What you have to do
Return the stretch from the line with "Mouse Gamer Redragon" through the line with "An emotional weekend" in the data below, character for character, skipping all pictures.

Extracted information
+ + + + +

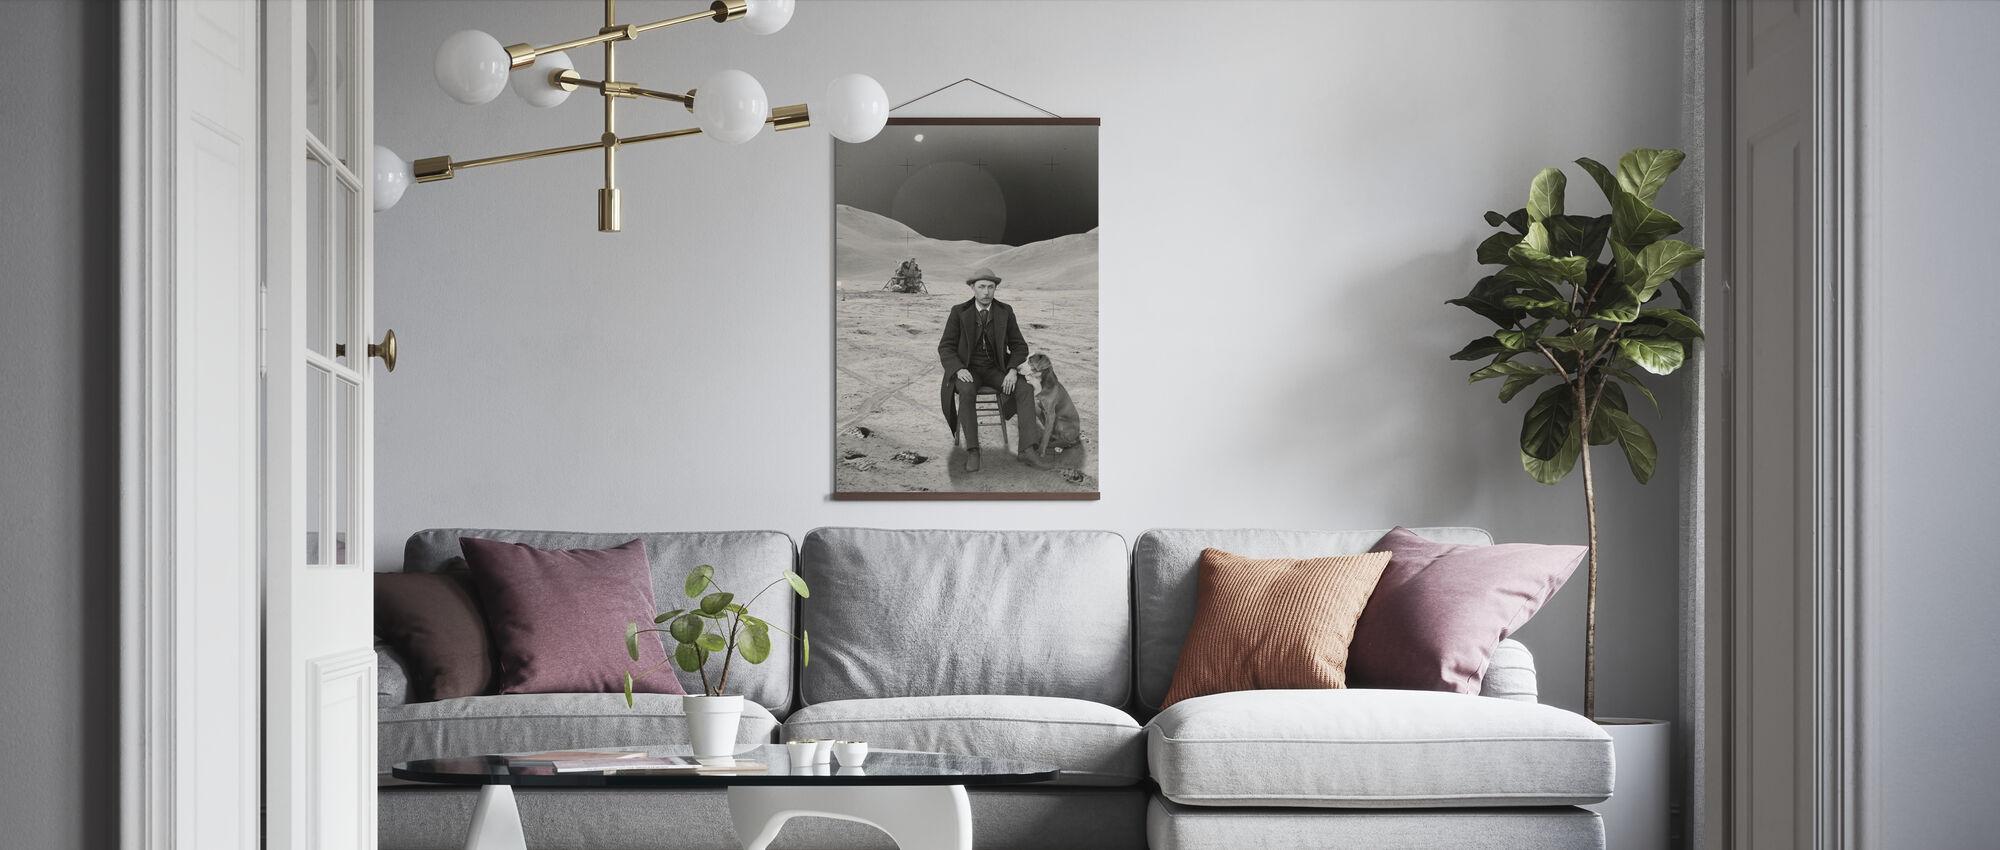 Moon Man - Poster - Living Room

+ + + + +

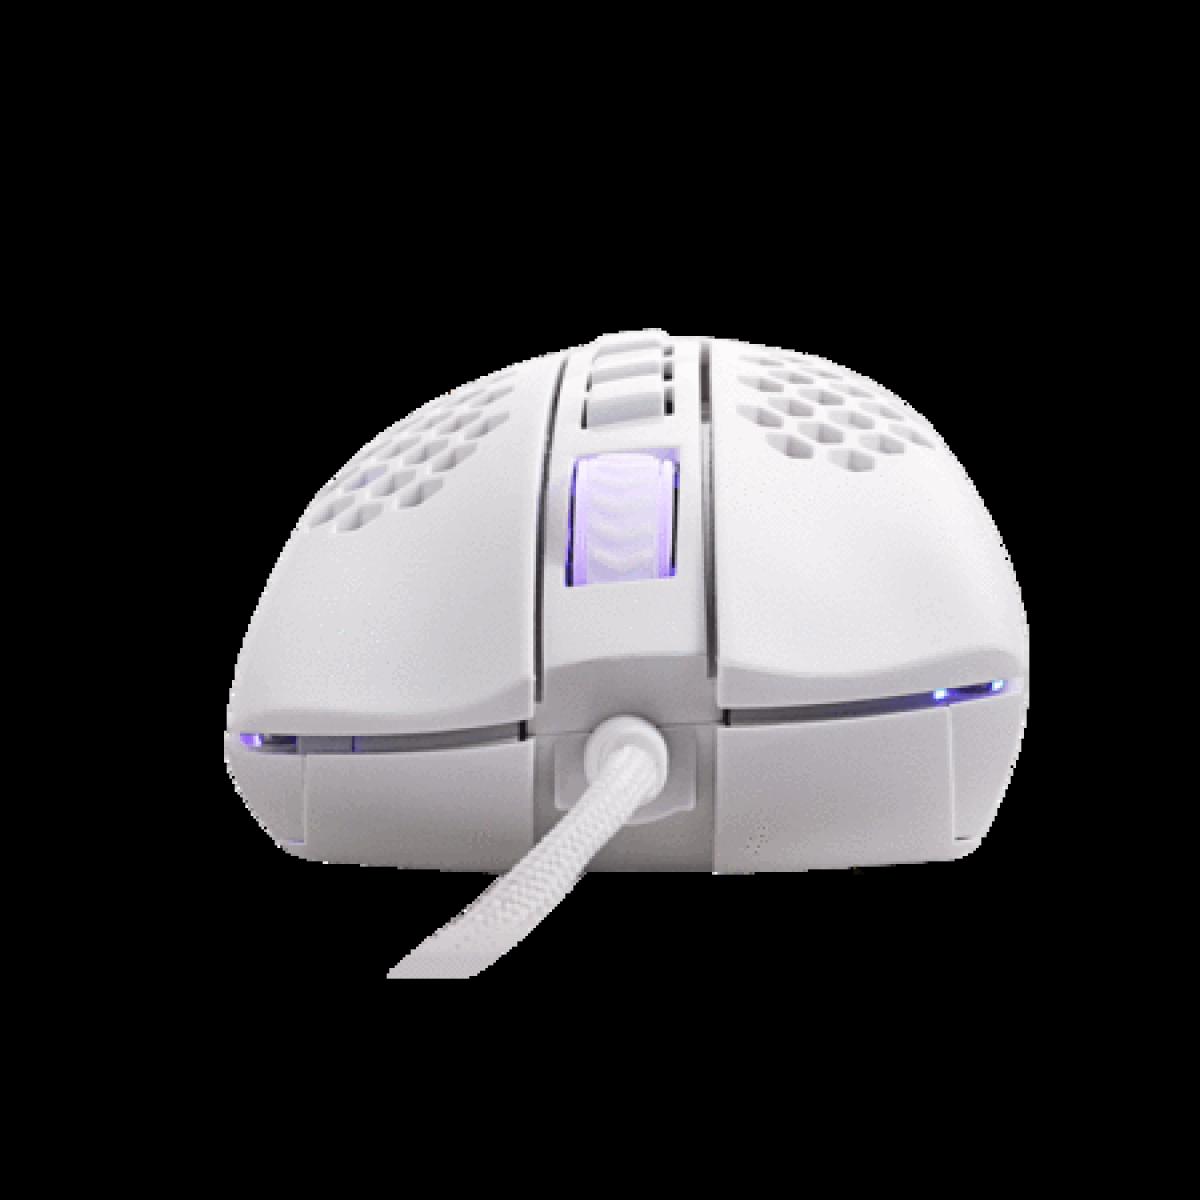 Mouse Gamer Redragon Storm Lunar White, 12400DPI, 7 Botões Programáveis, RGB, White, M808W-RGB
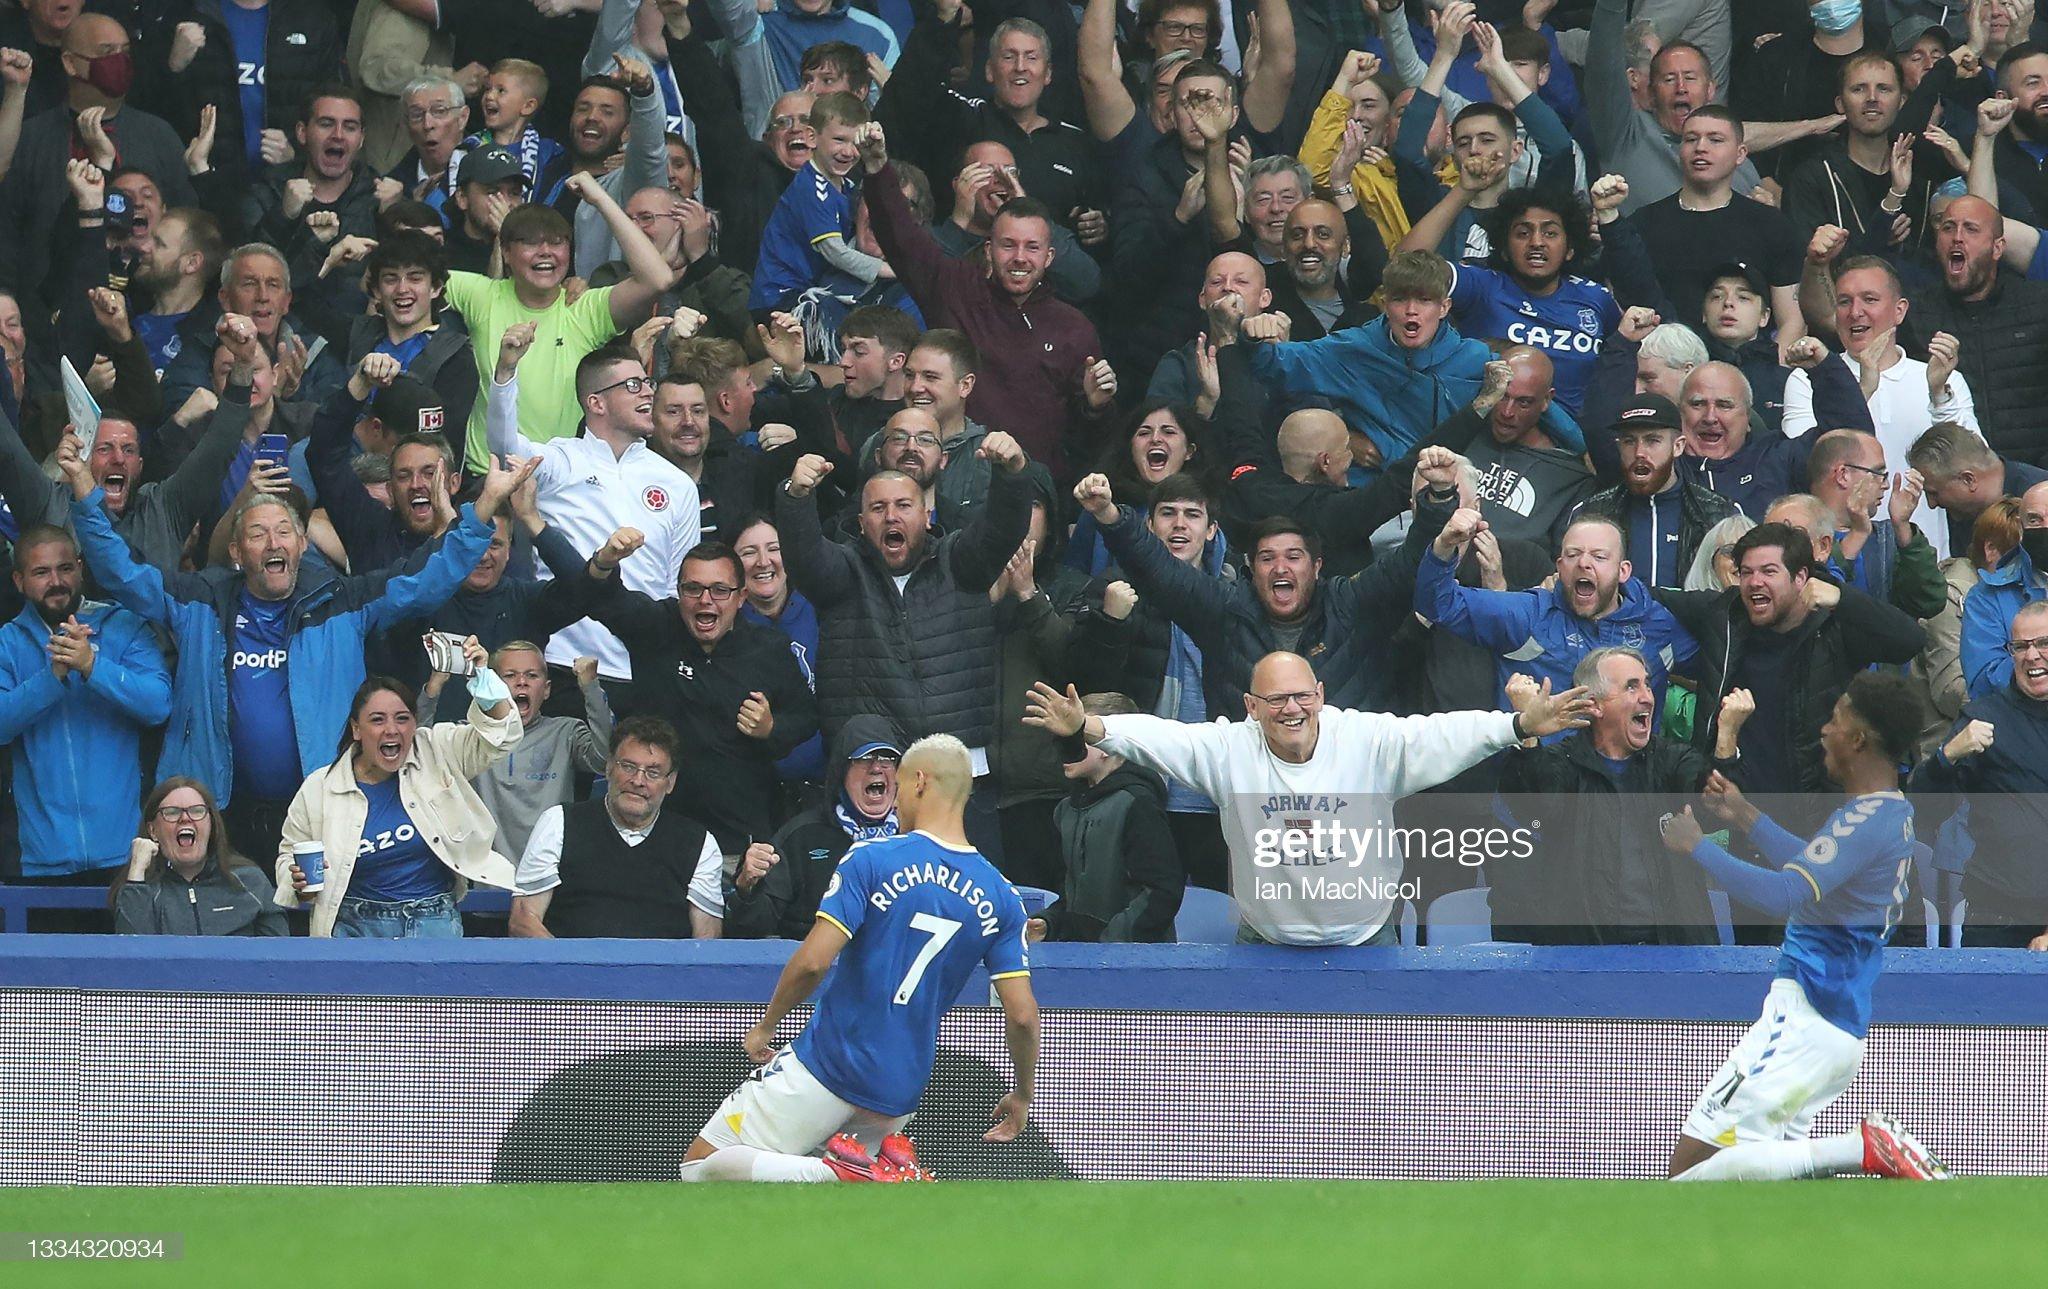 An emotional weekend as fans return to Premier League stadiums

+ + + + +

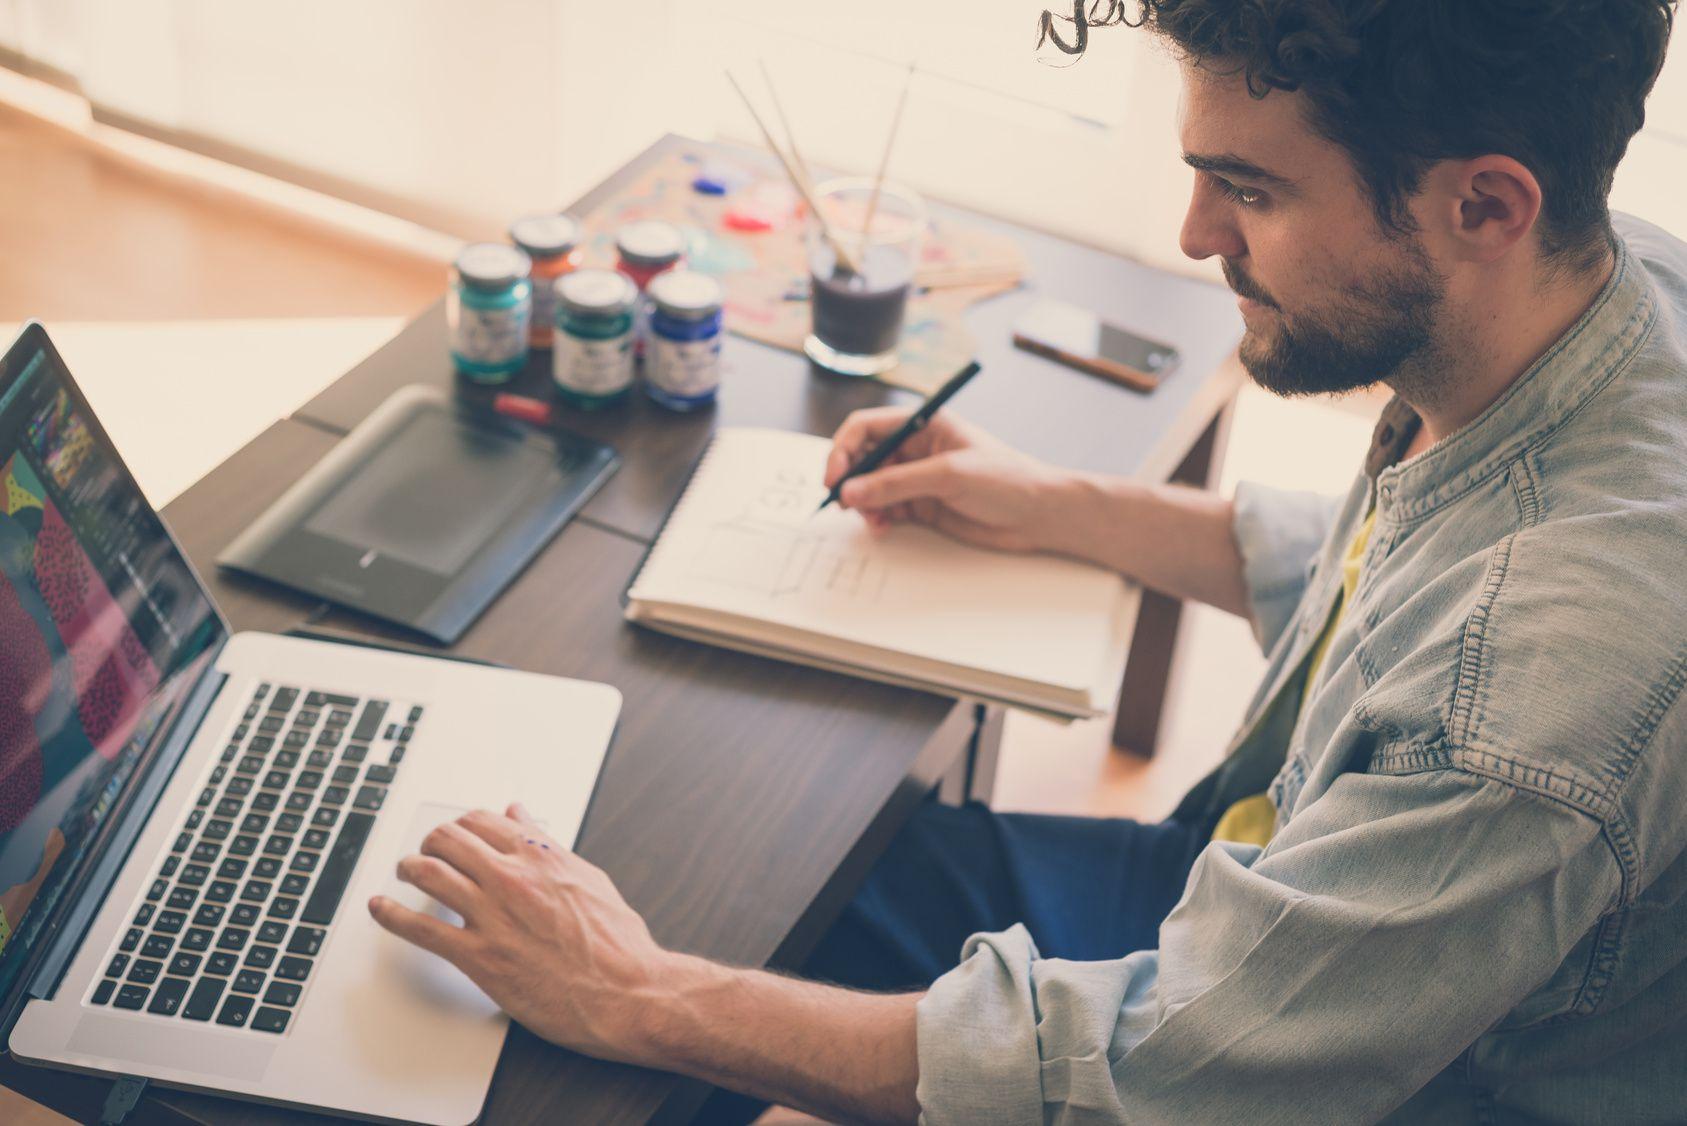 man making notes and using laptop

+ + + + +

Answer space
 Mouse Gamer Redragon Storm Lunar White, 12400DPI, 7 Botões Programáveis, RGB, White, M808W-RGB
 An emotional weekend as fans return to Premier League stadiums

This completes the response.